Second, could you help me clarify how user-uploaded media are handled in AMO ? As far as I can tell: ... Is that right ?

I explained some of this above, but there is no S3 bucket for user generated content. AMO writes directly to EFS and served via EFS.

Am I looking at the wrong distribution / S3 bucket ? Or could it be a permission issue ?

Also explained above, these assets live in EFS storage.

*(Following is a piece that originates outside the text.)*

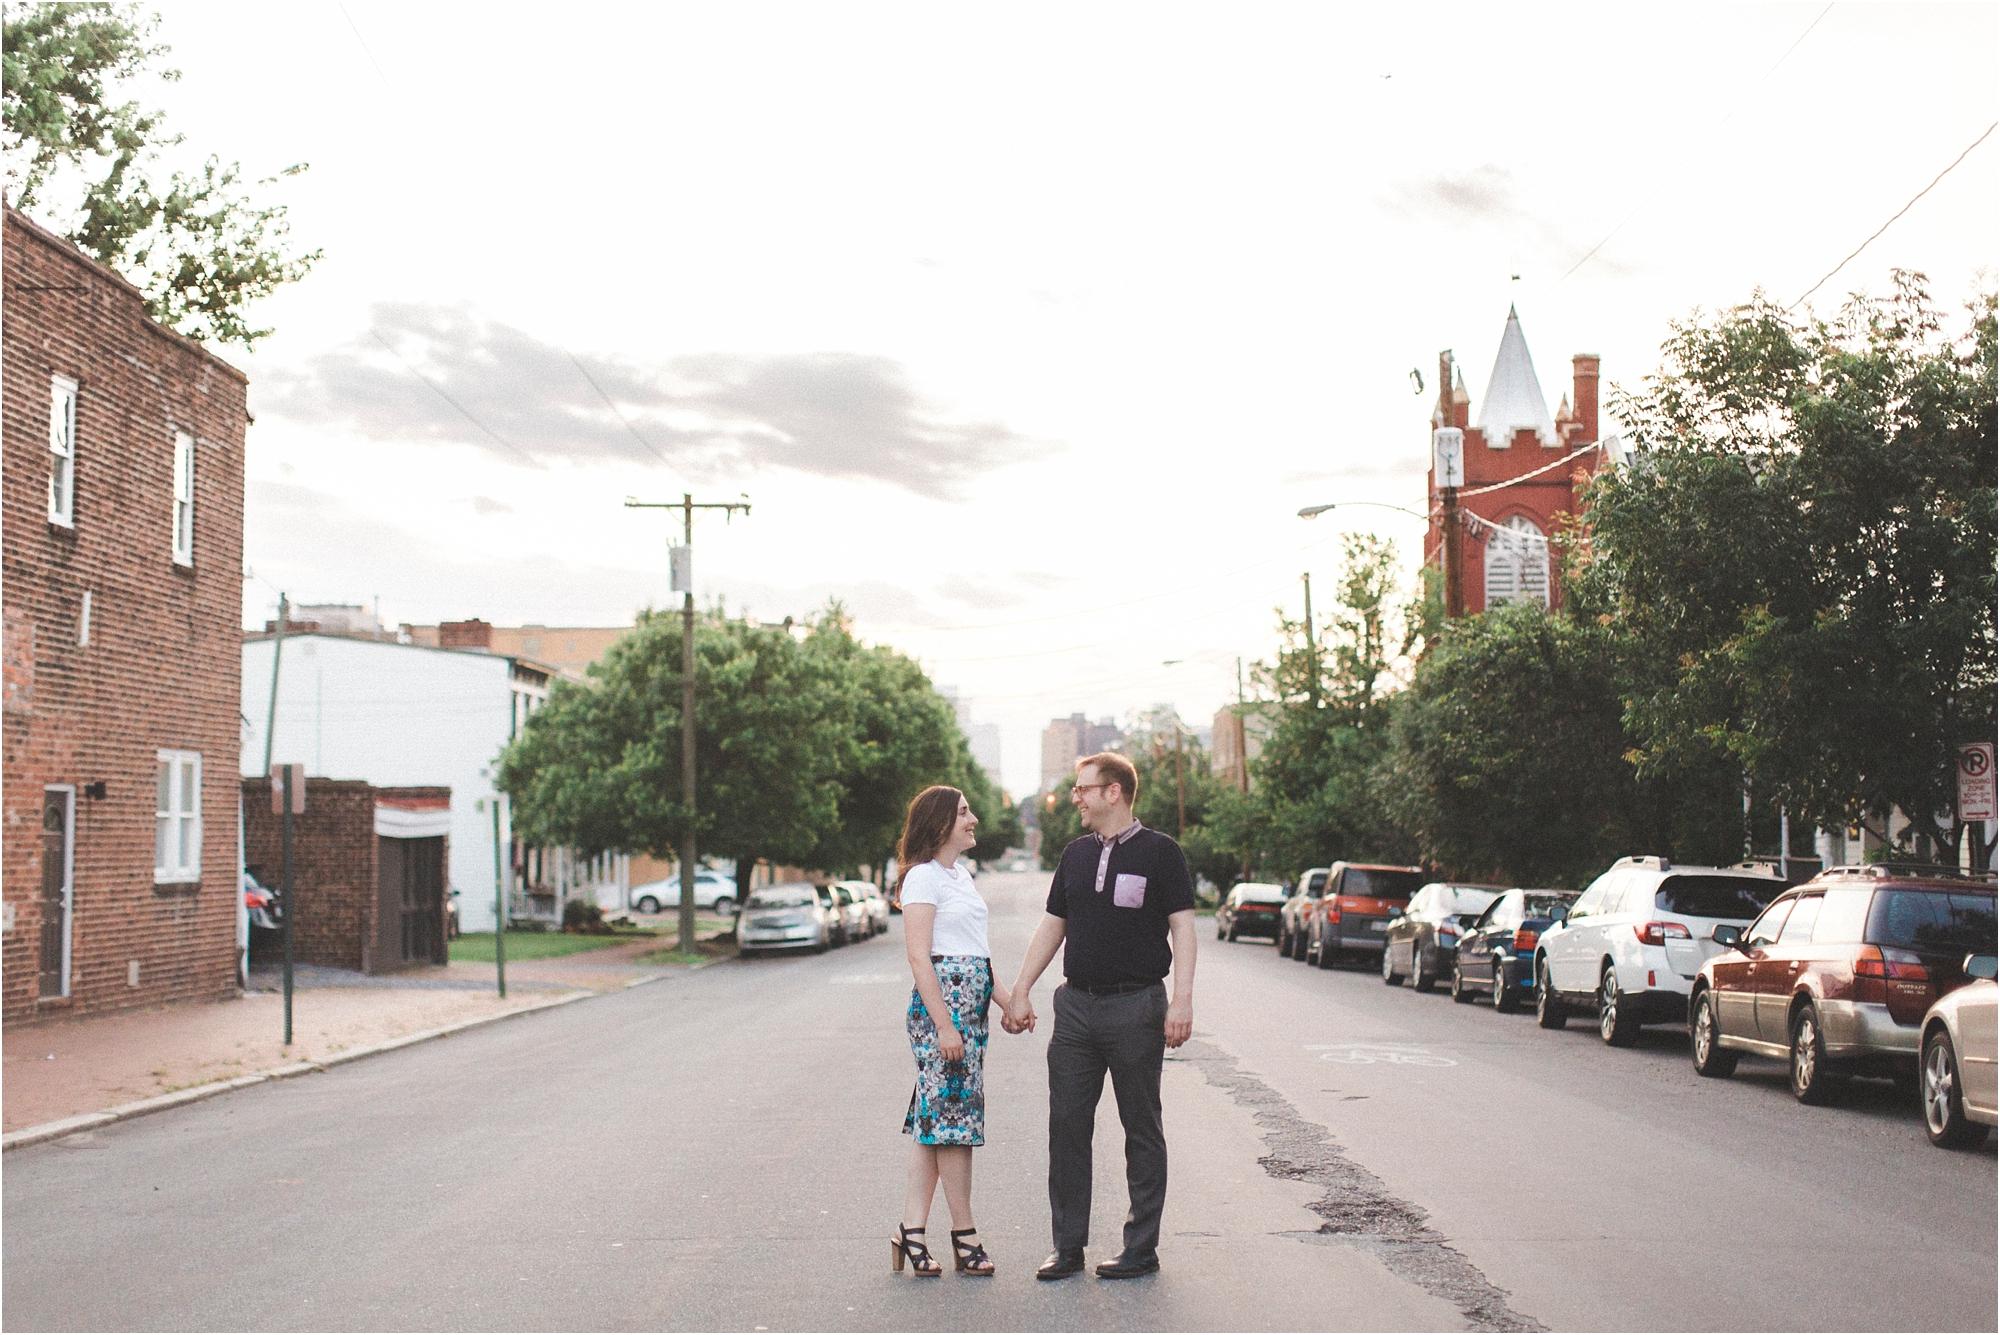 stephanie-yonce-photography-abby-matt-church-hill-engagement-photos_0012.jpg

Please let me know if anything is unclear. We may want to have a quick meeting to discuss options/solutions. Just let me know.

[jasonthomas]

Also we would need figure out how CDN caching is affected by Signed URLs. If it increases the number of requests to our origins this might be a problem.

[jasonthomas]

/cc @bqbn if he has any input.

[diox]

Thanks a lot for clarifying.

So, to sum up:

1. China CDN makes the whole thing more complex indeed. Might invalidate the whole thing.
2. We might need to separate add-on downloads from lightweight themes assets - not sure, because maybe lightweight themes would benefit from this as well (they too need to support disabling/enabling better)
3. Signed URLs would need to be valid for at least one hour, probably more
4. We'd need to make sure CDN caching is not affected

All of these points are not trivial, it certainly makes things difficult, but only the first one really worries me because we don't have a good solution for it :(

[jasonthomas]

China CDN makes the whole thing more complex indeed. Might invalidate the whole thing.

I agree. We can discuss removing it with Mozilla China team but I think they would be against it.

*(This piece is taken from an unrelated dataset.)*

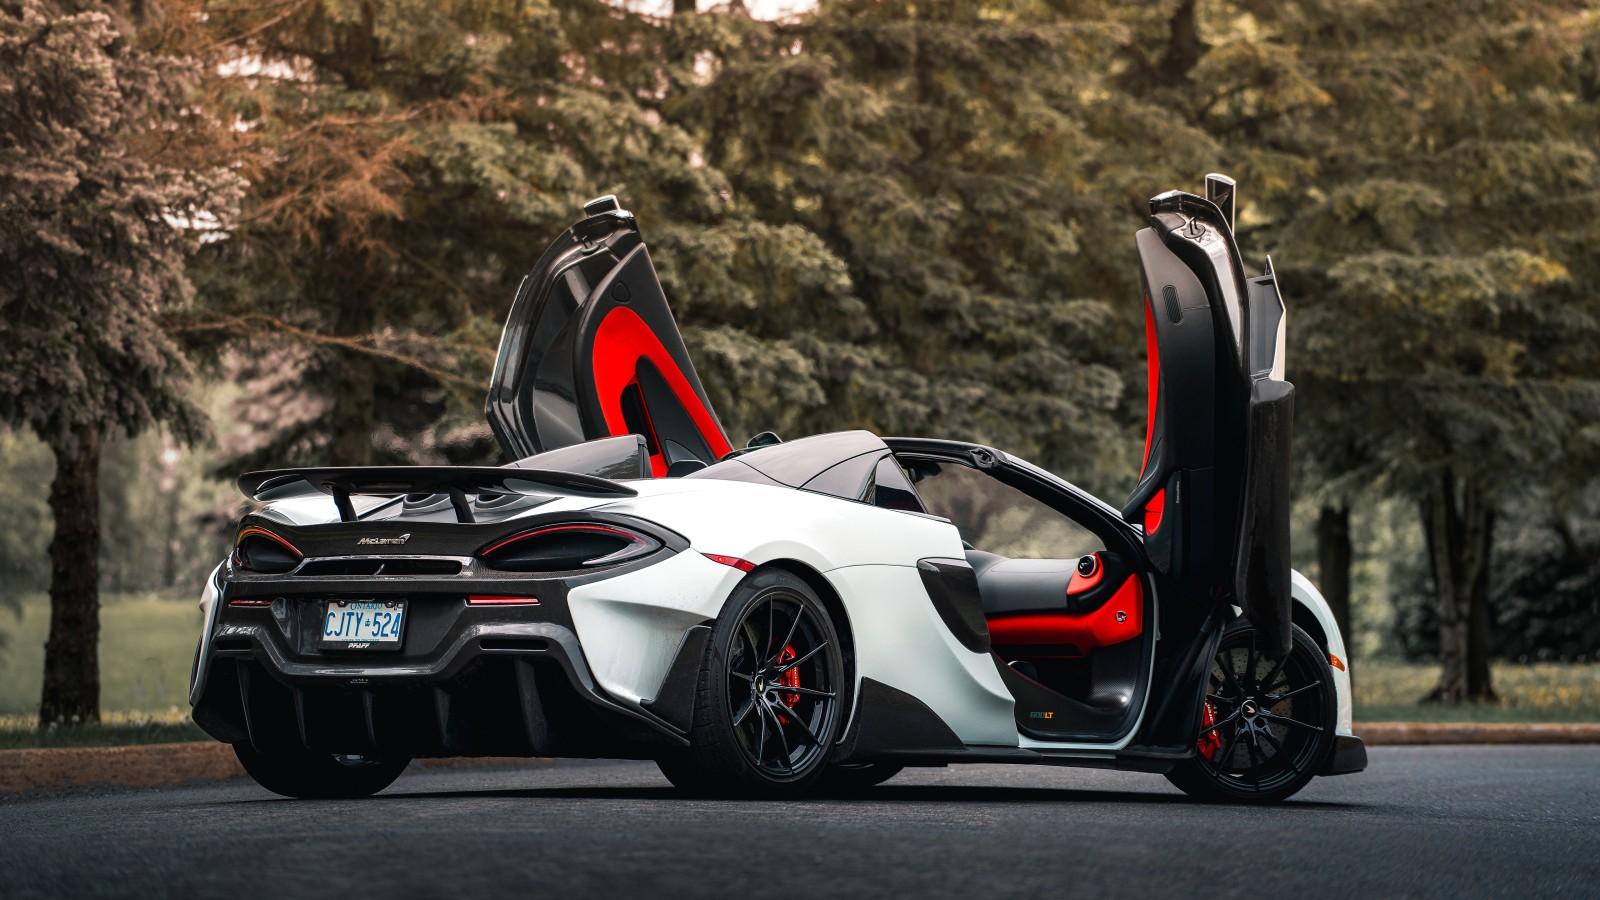 2020 McLaren 600LT Spider 4K 2 Wallpaper | HD Car ...

I would prefer a solution that allows us to be CDN agnostic so that we have flexibility to move from one provider. We are using Cloudfront today but we have changed our CDN providers several times over the life of AMO.

[diox]

On IRC @jasonthomas mentionned https://www.nginx.com/blog/securing-urls-secure-link-module-nginx-plus/ which might work, if we can make sure it's not possible to bypass nginx and download the file directly by guessing the CDN domain name/path. Will look into this.

[stale]

This issue has been automatically marked as stale because it has not had recent activity. If you think this bug should stay open, please comment on the issue with further details. Thank you for your contributions.